Das Ziel: rund 10.000 Euro. Diese Summe fanden sie tatsächlich. Doch der Preis war unermesslich – sieben Menschen mussten dafür sterben.
Im Januar 2008 beginnt am Landgericht Stade der Mammutprozess gegen die Täter. Die Angeklagten versuchen anfangs, sich gegenseitig zu belasten, verstricken sich in Widersprüche. Später folgen teilweise Geständnisse.
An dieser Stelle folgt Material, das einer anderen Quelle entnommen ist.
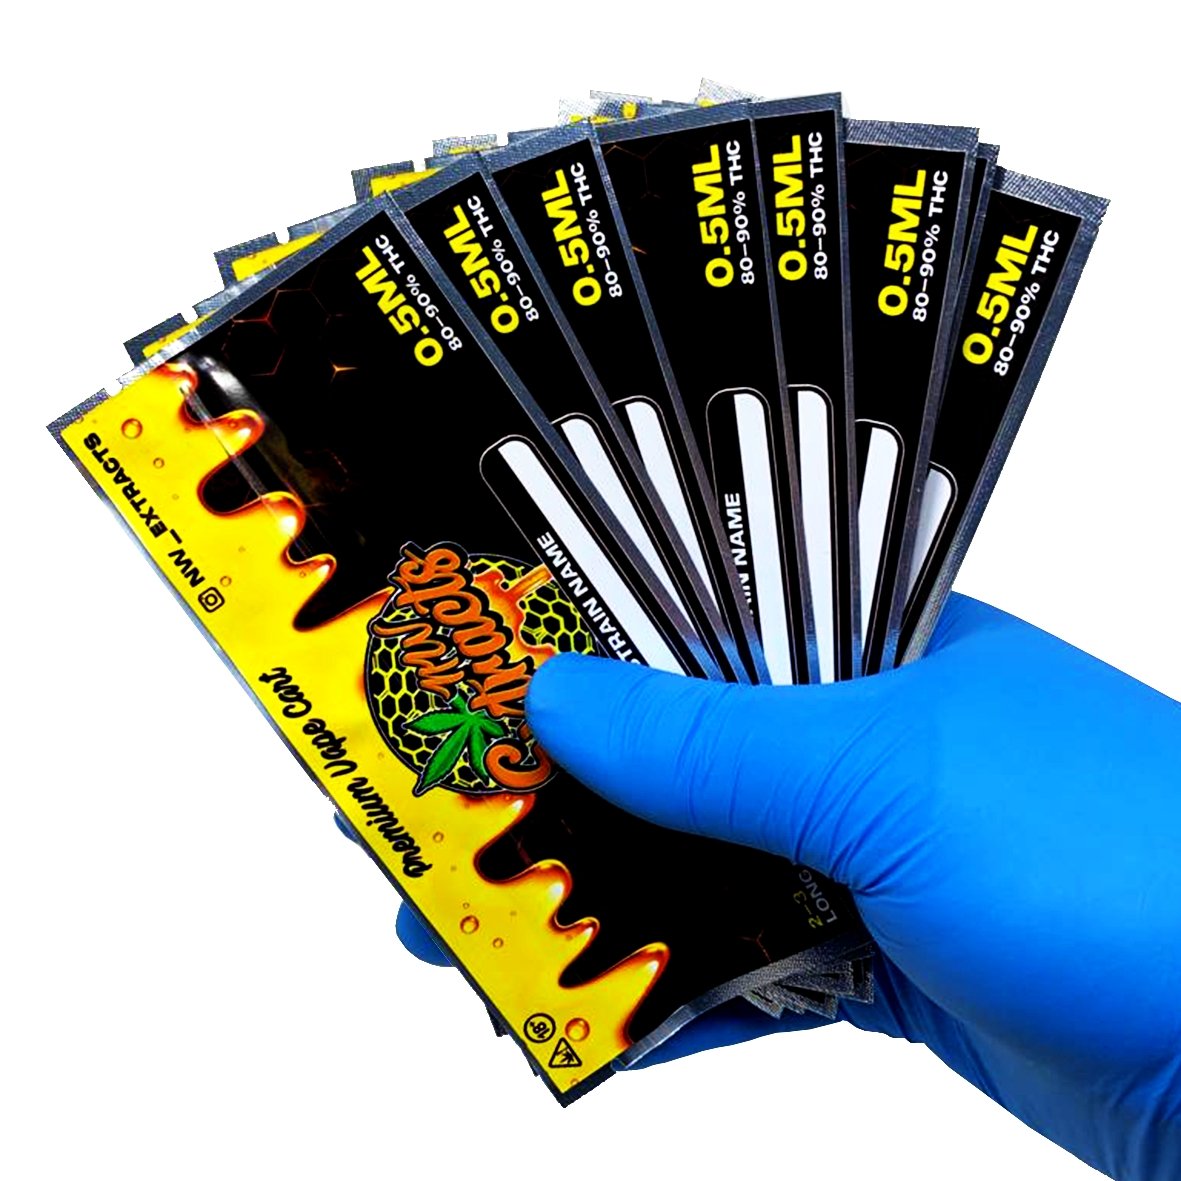 Black/Black Soft Touch Mylar Bags Vape (1000pcs) - Bulk Wholesale Marijuana  Packaging, Vape Cartridges, Joint Tubes, Custom Labels, and More!

Der Haupttäter – der Schütze – wird wegen siebenfachen Mordes und besonders schwerer Schuld zu lebenslanger Haft verurteilt. Für ihn ist eine vorzeitige Entlassung so gut wie ausgeschlossen. Die übrigen Angeklagten erhalten Strafen zwischen fünf Jahren und lebenslänglich – abhängig von ihrer individuellen Tatbeteiligung. Eine Abschiebung in ihre Heimatländer kommt nicht infrage: In Vietnam droht in solchen Fällen die Todesstrafe.
Der Fall von Sittensen ist bis heute einer der brutalsten und rätselhaftesten Mehrfachmorde in Deutschland. Die Kaltblütigkeit, mit der die Täter vorgingen, die Präzision der Tat und die Rücksichtslosigkeit gegenüber unschuldigen Menschenleben erschüttern bis heute. Was bleibt, ist das Entsetzen – und das stille Überleben einer kleinen Luzie, deren Leben an diesem Winterabend für immer verändert wurde.